> _DATA EXTRACT_:
╭──
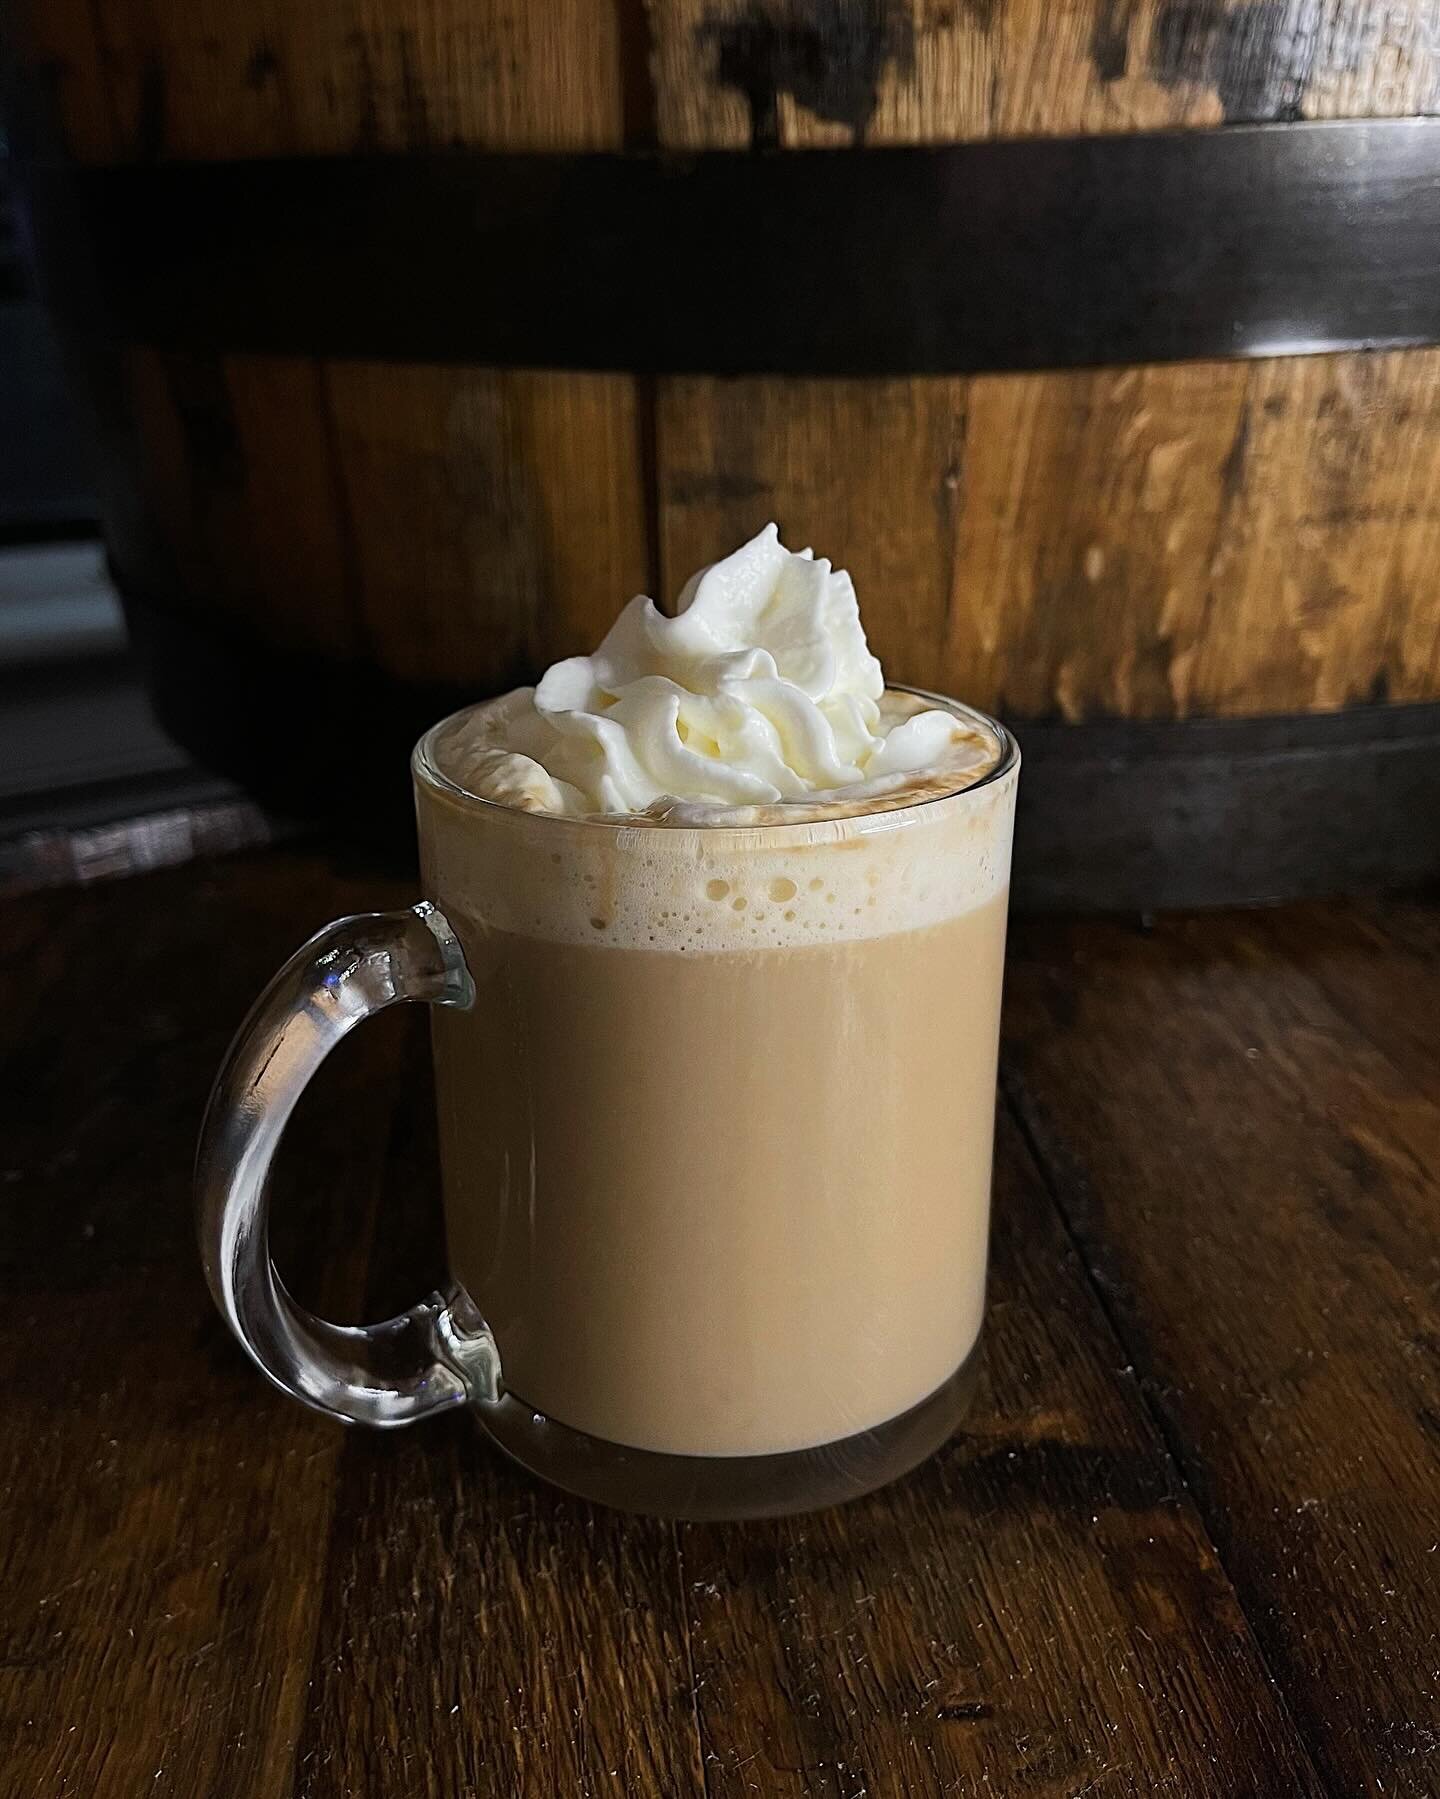 🍀 St. Patricks weekend is here! 🍀
Our Nashville tasting room will have their drink specials running all day today and tomorrow! Irish coffee, house made Irish cream, Guinness old fashioned&rsquo;s, baby Guinness shots with coffee infused rye, &amp;
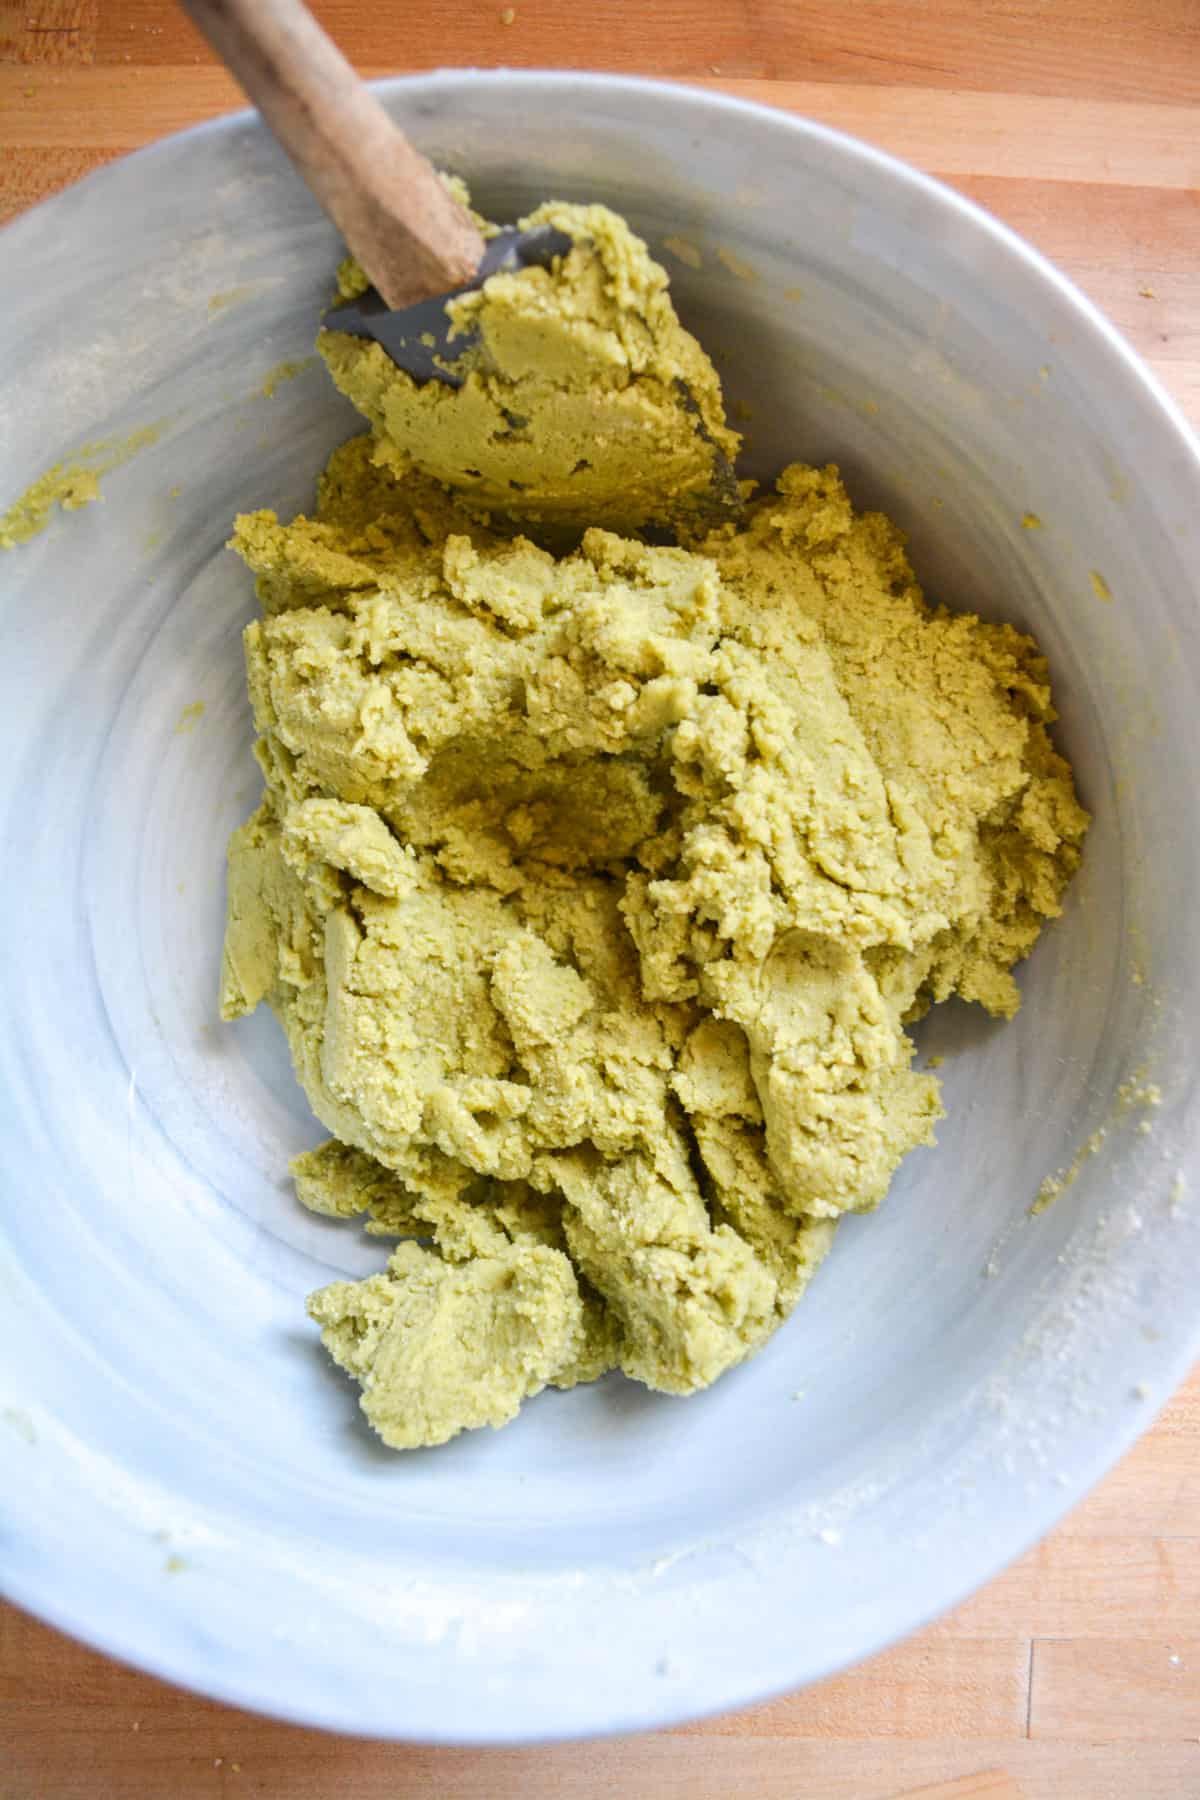 Matcha powder, and dry ingredients mixed into the sugar cookie dough.
╰──
> _WHAT YOU SHOULD DO_: Output all the data, exactly, without images.

> _EXERCISE RESPONSE_:
 🍀 St. Patricks weekend is here! 🍀
Our Nashville tasting room will have their drink specials running all day today and tomorrow! Irish coffee, house made Irish cream, Guinness old fashioned&rsquo;s, baby Guinness shots with coffee infused rye, &amp;
 Matcha powder, and dry ingredients mixed into the sugar cookie dough.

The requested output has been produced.